Awards of Attorneys' Fees by Federal Courts and Federal Agencies


 

Publication Date: June 2008

Publisher: Library of Congress. Congressional Research Service

Author(s):

Research Area: Justice

Type:

Abstract:

In the United States, the general rule, which derives from common law, is that each side in a legal proceeding pays for its own attorney. There are many exceptions, however, in which federal courts, and occasionally federal agencies, may order the losing party to pay the attorneys' fees of the prevailing party. The major common law exception authorizes federal courts (not agencies) to order a losing party that acts in bad faith to pay the prevailing party's fees.

There are also roughly two hundred statutory exceptions, which were generally enacted to encourage private litigation to implement public policy. Awards of attorneys' fees are often designed to help to equalize contests between private individual plaintiffs and corporate or governmental defendants. Thus, attorneys' fees provisions are most often found in civil rights, environmental protection, and consumer protection statutes.

In addition, the Equal Access to Justice Act (EAJA) makes the United States liable for attorneys' fees of up to $125 per hour in many court cases and administrative proceedings that it loses (and some that it wins) and fails to prove that its position was substantially justified.
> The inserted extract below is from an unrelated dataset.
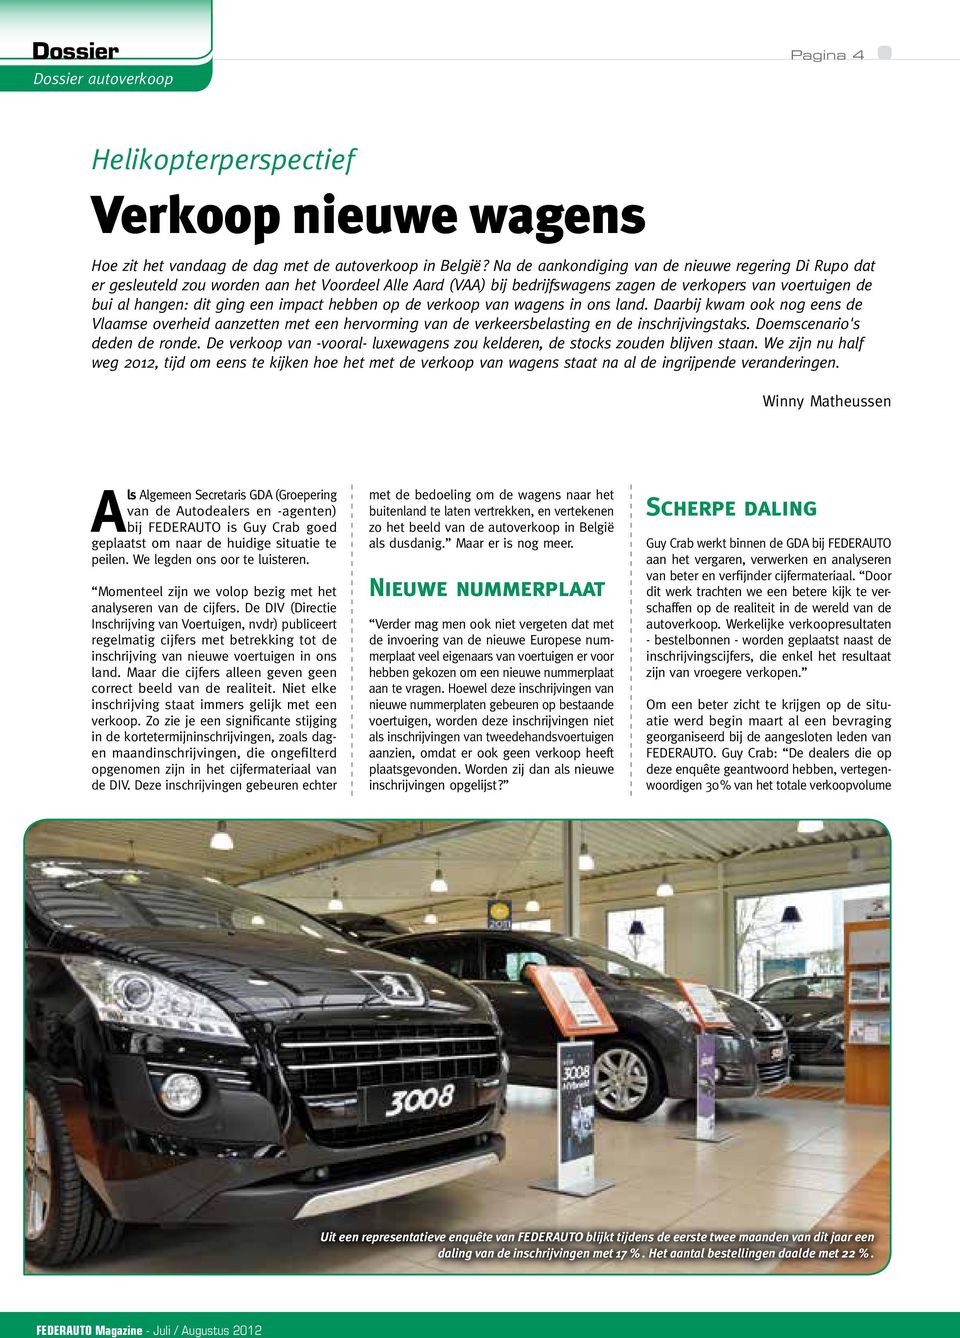 impact hebben op de verkoop van wagens in ons land. Daarbij kwam ook nog eens de Vlaamse overheid aanzetten met een hervorming van de verkeersbelasting en de inschrijvingstaks.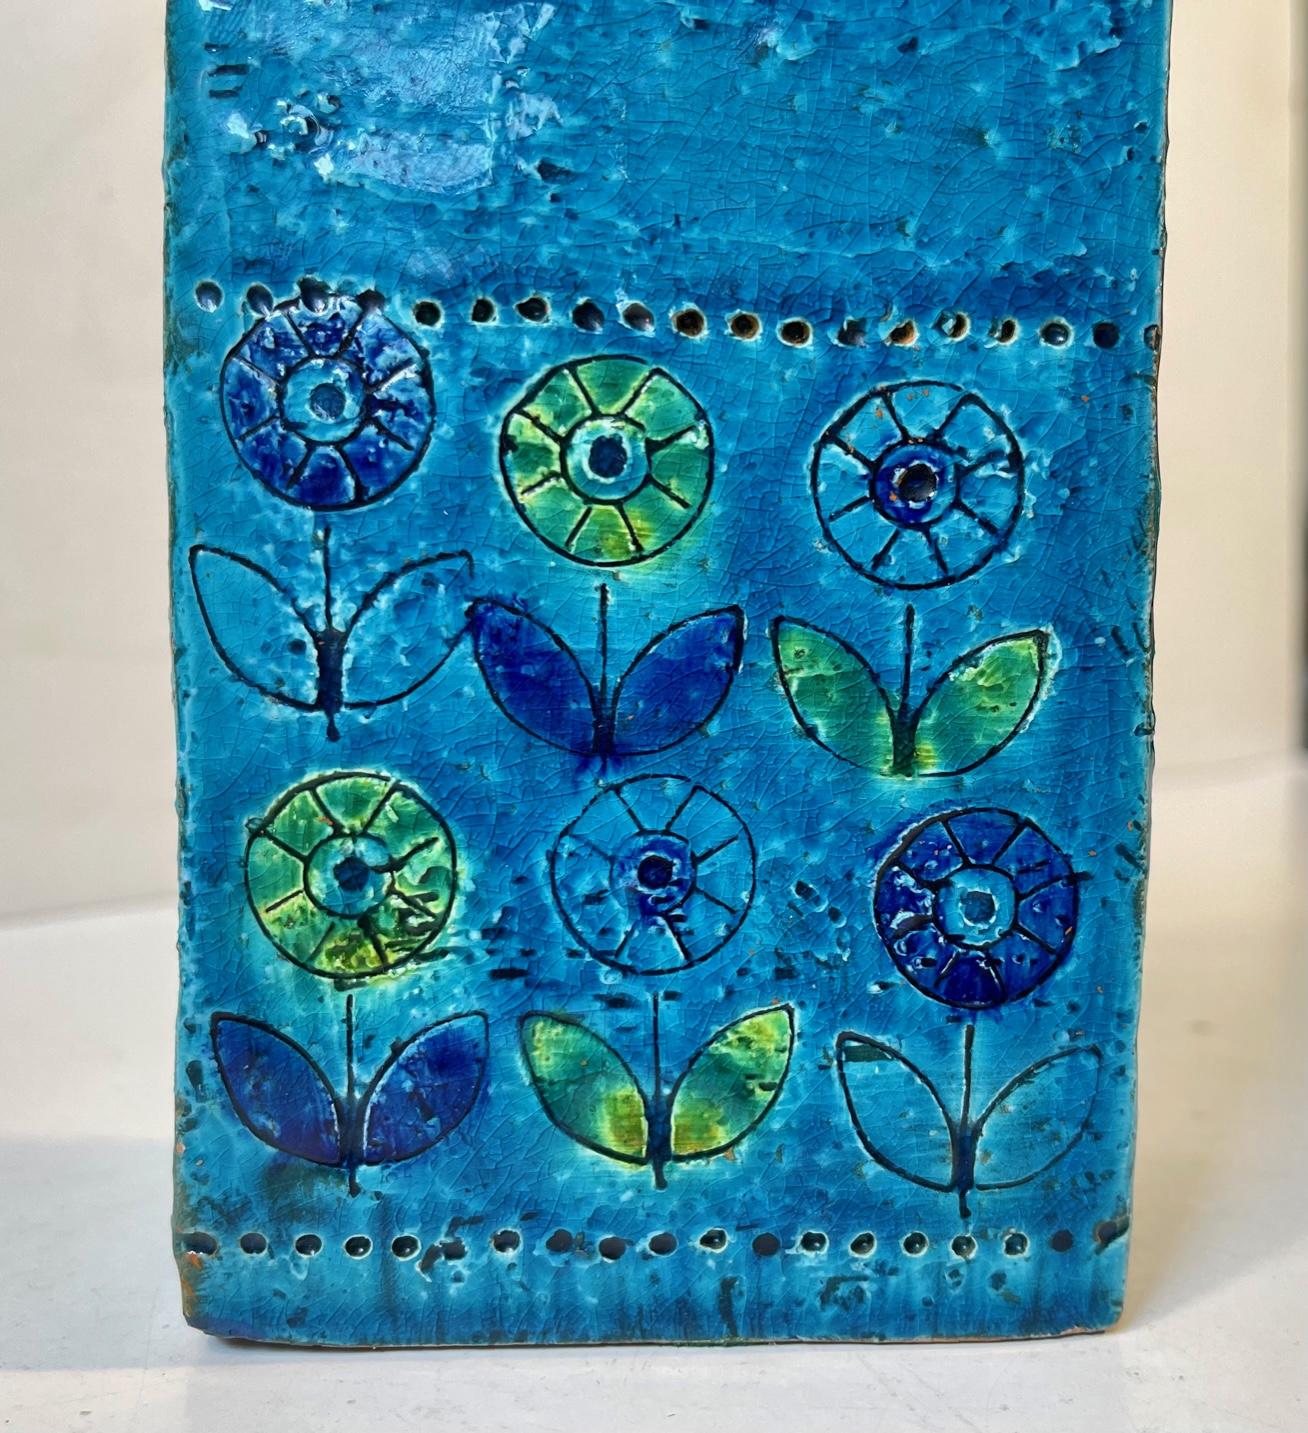 Un rare vase rectangulaire en grès bleu de Rimini décoré de tournesols. Conçu par Aldo Londi et fabriqué en Italie par Bitossi dans les années 1960. Mesures : H : 16,5 cm, L/D : 8,5/5,5 cm.

EAJA does not apply in tax cases, but a similar statute, 26 U.S.C. section 7430, does.

Most Supreme Court decisions involving attorneys' fees have interpreted civil rights statutes, and this report focuses on these statutes. It also discusses awards of costs other than attorneys' fees in federal courts, how courts compute the amount of attorneys' fees to be awarded, statutory limitations on attorneys' fees, and other subjects. In addition, it sets forth the language of all federal attorneys' fees provisions, and includes a bibliography of congressional committee reports and hearings concerning attorneys' fees.

In 1997, Congress enacted a statute allowing awards of attorneys' fees to some prevailing criminal defendants.